—Es un tragafuegos, ¿eh?
—Le gustan las batallas, desde luego, pero también son su único medio de conseguir un ascenso, y por conseguirlo daría un brazo y una pierna, como lo hubiéramos dado nosotros cuando aún no habíamos sido nombrados capitanes de navío. Es un pobre hombre sin influencias y los años pasan…
—Mencionó usted a Richardson, señor —dijo Stephen, que había cogido el primer volumen de la
Histoire Générale
y observaba la cara redonda y sonriente del abate Prévost—. Hace unos meses me enteré de que el abate Prévost había traducido sus libros al francés y me pareció asombroso.
Entonces, mirando hacia Jack y haciendo una inclinación de cabeza, añadió:
—Me lo dijo una señora.
—También a mí me parece asombroso —dijo Yorke—. Nunca hubiera podido imaginar que tenía tiempo para ello además de escribir sus espléndidos libros y hacer tantos viajes. Richardson ha escrito miles y miles de páginas y traducirlo es un
travail de bénédictin
; pero, si mal no recuerdo, Prévost era benedictino, aunque su comportamiento variaba a veces. Con todo y con eso, ¿hay alguien más indicado para traducir
Clarissa Harlowe
que el autor de
Manon Lescaut
? ¡Qué conocimiento tan profundo de la mente que, sin embargo, no se conoce a sí misma! Usted ha leído a Richardson, ¿verdad, señor?

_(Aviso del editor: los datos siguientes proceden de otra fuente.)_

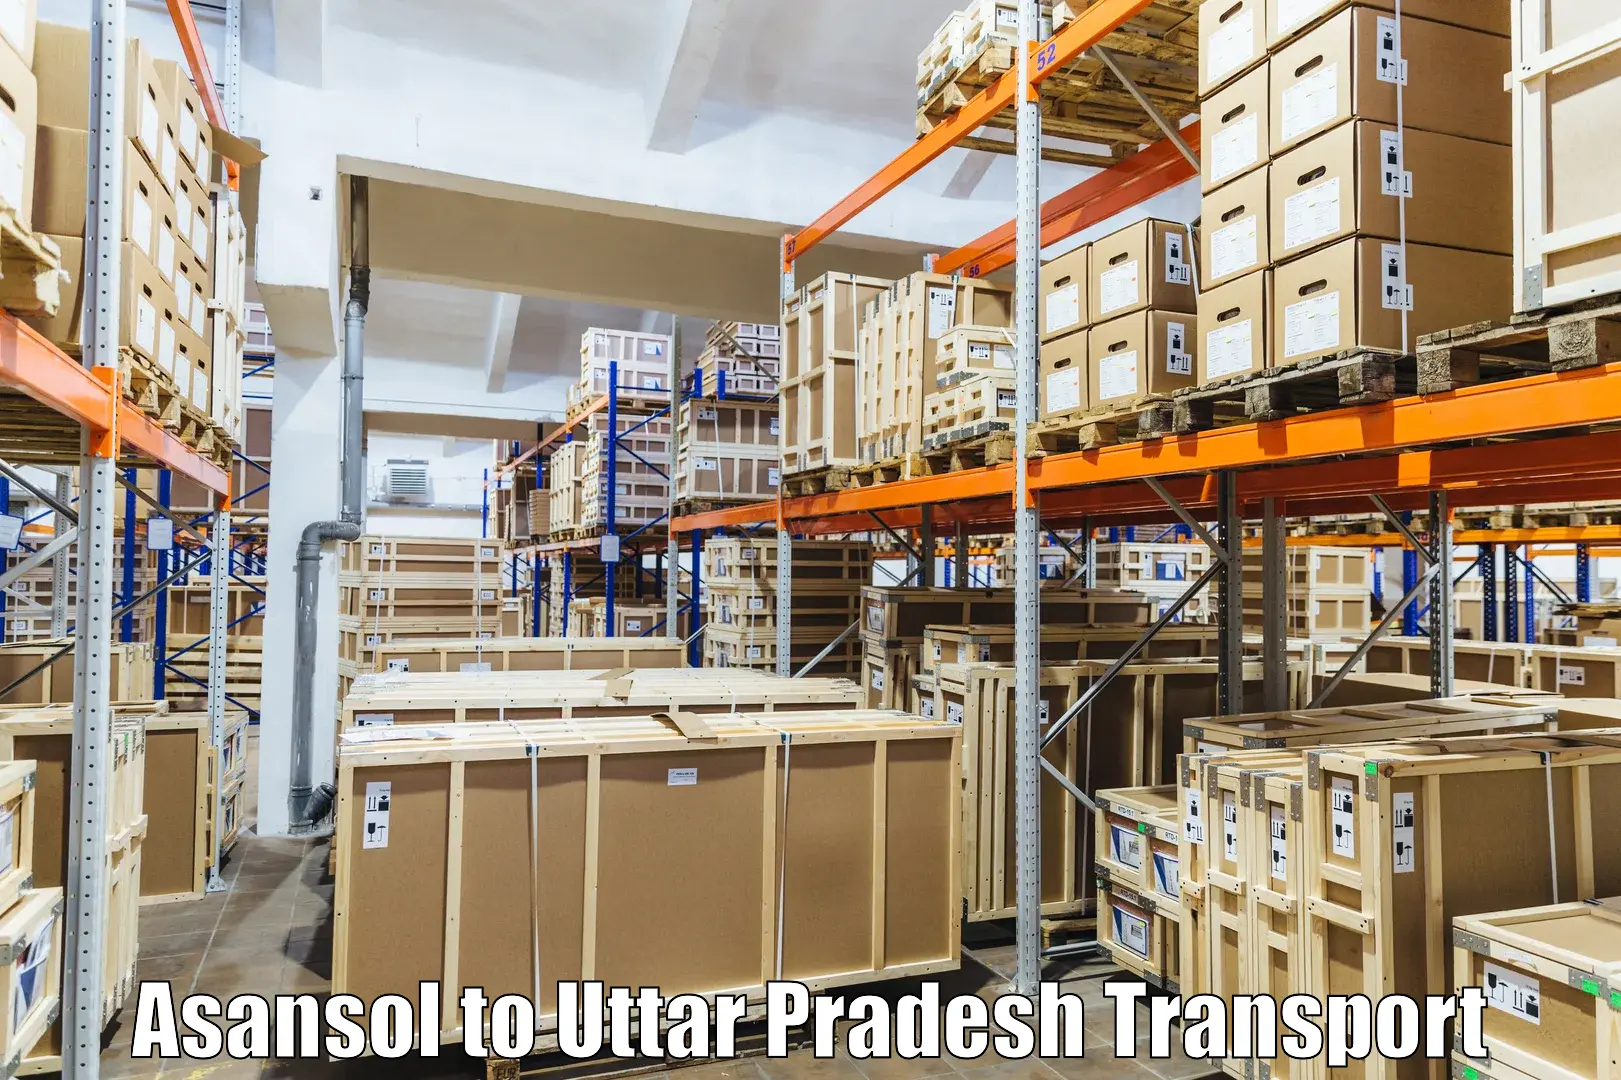 Transportation solution services Asansol to Thakurdwara

—No, señor. La dama de quien le hablé me animó a que lo hiciera y empecé el primer volumen de
Pamela
, pero el barco se estaba hundiendo y el capitán estaba alarmado e iba a pedirme consejo constantemente, así que me pareció que aquel no era un momento propicio para acometer semejante empresa.
—Indudablemente, para leer a Richardson hace falta mucho tiempo y calma, porque no es un autor fácil. Pero ahora dispone usted de tiempo, señor, dispone usted de meses de tranquilidad… Voy a tocar madera…
Absit ornen…
Serán meses sin preocupaciones porque sólo tendrá que atender a los pocos tripulantes del
Leopard
que hay a bordo, ya que a nosotros nos atenderá nuestro excelente cirujano, el joven señor McLean. Le animo a que empiece a leer
Pamela
de nuevo y luego continúe con
Clarissa
, pero no le recomiendo
Grandison
. Creo que incluso el conocimiento de la naturaleza humana que el doctor Maturin tiene podría ampliarse con los dos primeros. Por favor, llévese el primer volumen de
Pamela
. Está justo encima de su cabeza. Y cuando acabe venga a buscar los demás.

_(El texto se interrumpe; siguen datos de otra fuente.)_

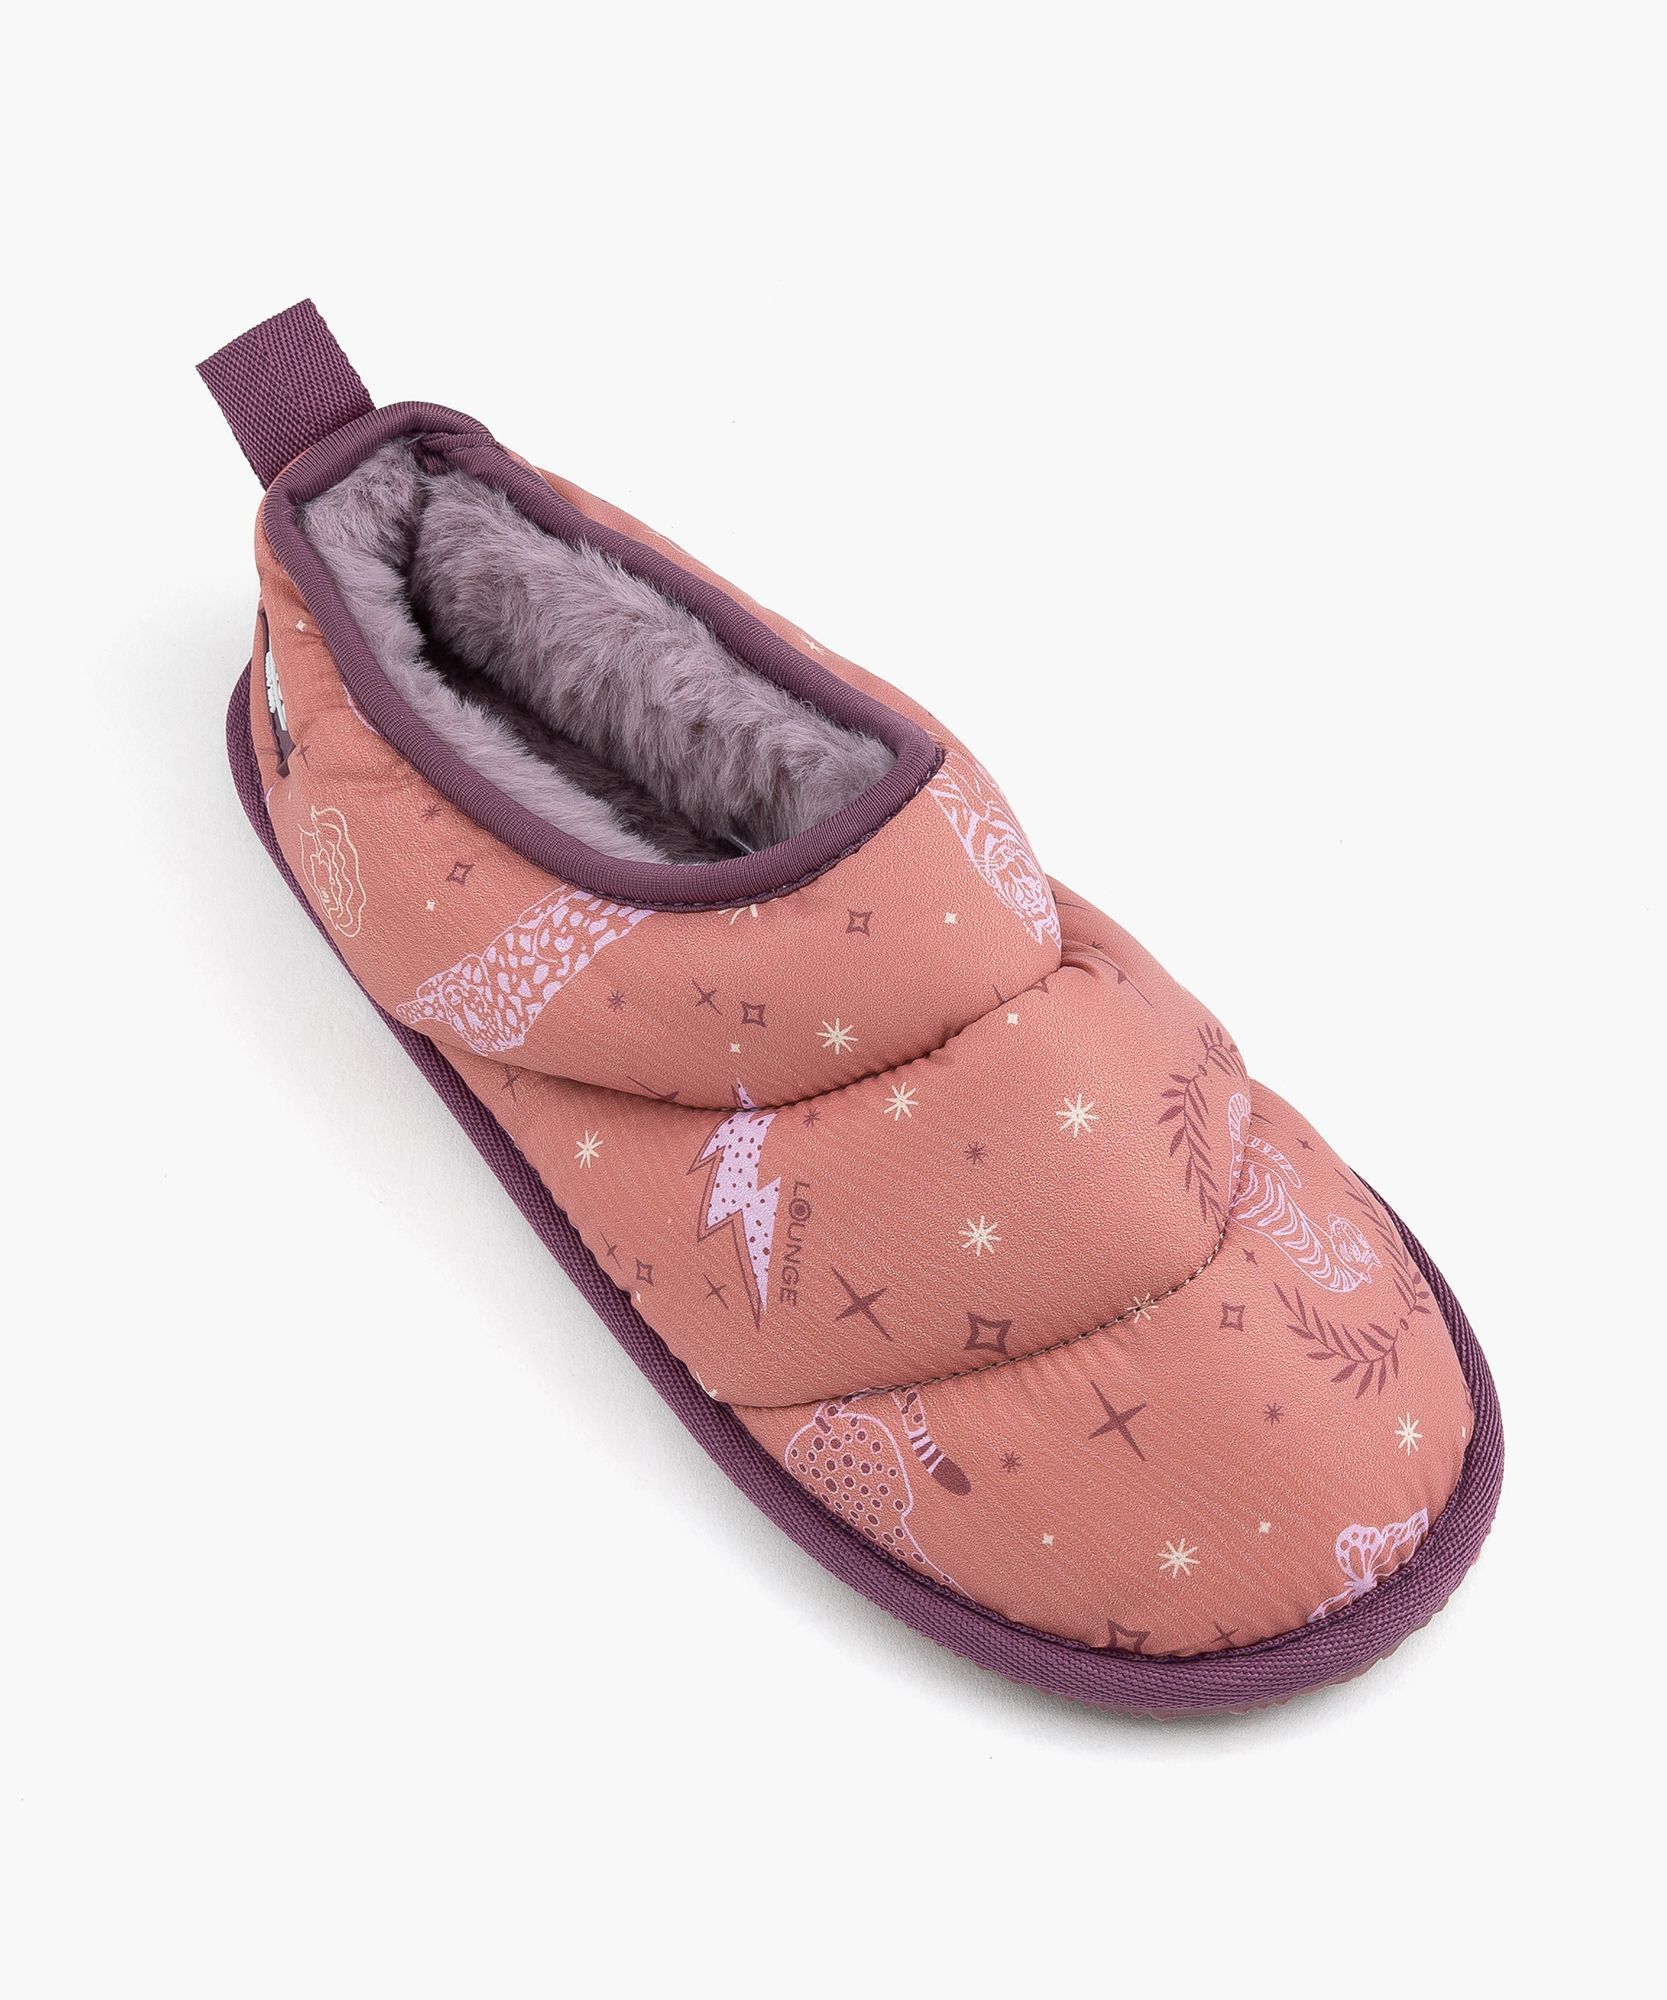 Pantuflas Dreamy - Mujer - Zapatos

—Yo no he leído muchos libros —dijo Jack.
Sus amigos bajaron la vista y sonrieron.
—Quiero decir que nunca he terminado de leer las novelas y los cuentos. Una vez el almirante Burney, que entonces era el capitán Burney, me dio una novela que había escrito su hermana cuando veníamos de las Antillas escoltando un convoy, pero no pude terminar de leerla… Me pareció aburrida. Probablemente no supe apreciarla, igual que le ocurre a algunas personas con la música, ya que Burney pensaba que era muy buena y él es uno de los mejores marinos de la Armada. Navegó con Cook, y no se puede decir nada mejor en su favor.

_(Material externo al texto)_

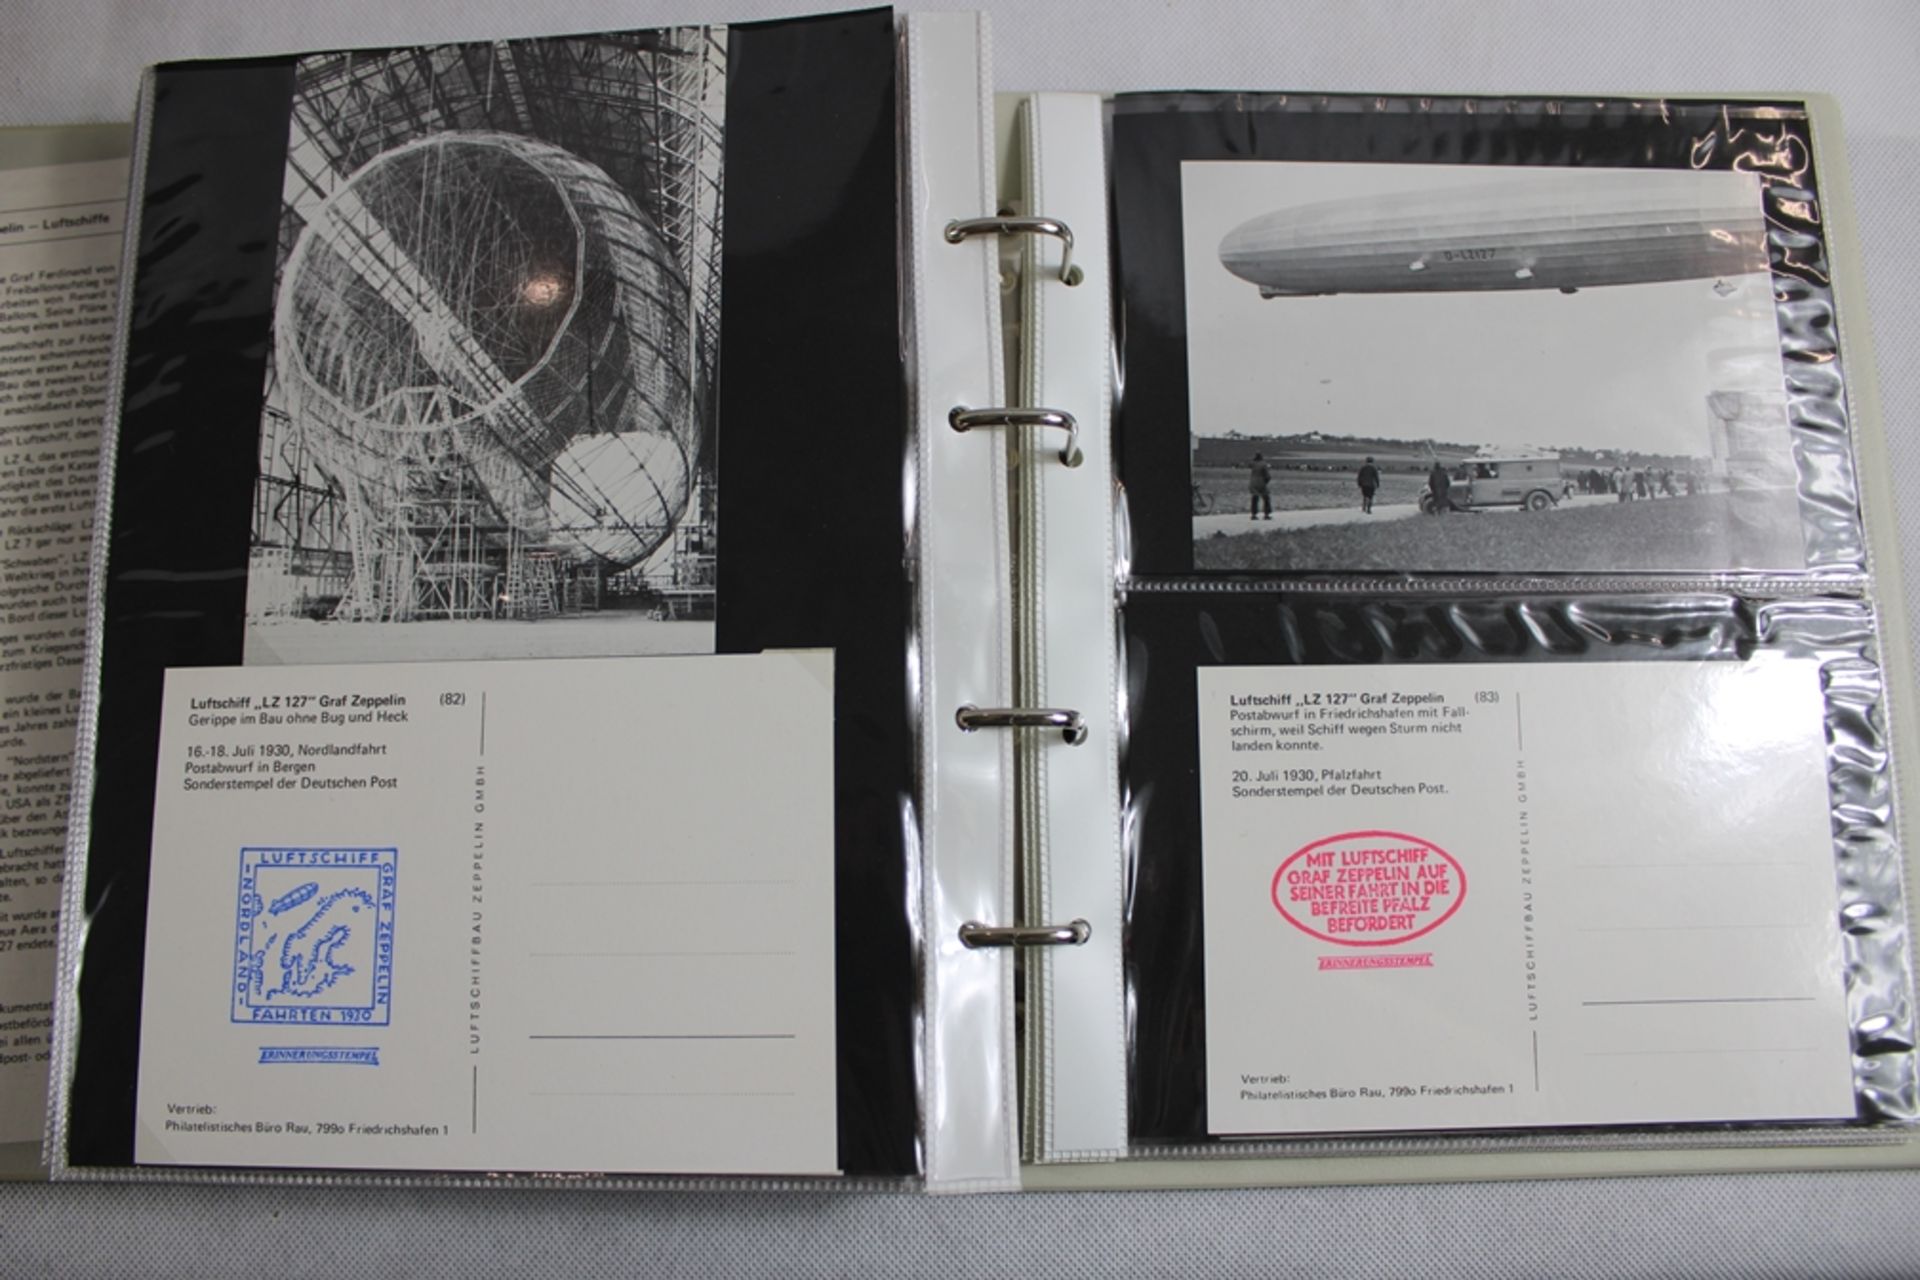 5 Alben mit über 1200 Postkarten Zeppelin Repro 80/90 er Jahre, vom Zeppelin Museum Friedrichshafen - Bild 7 aus 8

—Esa es, de todas las cualidades, la que mejor capacita a un hombre para ser crítico literario —dijo Yorke—. ¿Cuál es el título del libro?
—No me acuerdo —respondió Jack—, pero era un libro pequeño. Estaba dividido en tres volúmenes, me parece, y sólo hablaba de amor. Todas las novelas que han pasado por mis manos eran novelas de amor, y han pasado muchas, pues a Sophie le encantan y yo le leía algunas páginas en voz alta mientras tejía, por las tardes. Todas eran novelas de amor.
—Por supuesto que lo eran —dijo Yorke—. ¿Qué otra cosa provoca la más profunda de las emociones y hace que nuestra sangre hierva, que nuestra vida sea feliz o trágica, según el caso, y que cada día sea como un año de vida? ¿Qué nos hace temblar cuando recibimos una carta? ¿Qué da sentido a nuestra vida? Indudablemente, cuando uno llega a lo que algunos llaman el final feliz puede encontrarlo absurdo y experimentar un placer sólo momentáneo, pero el objetivo de las novelas, en general, es llegar a él. Además, ¿qué otra cosa mueve el mundo?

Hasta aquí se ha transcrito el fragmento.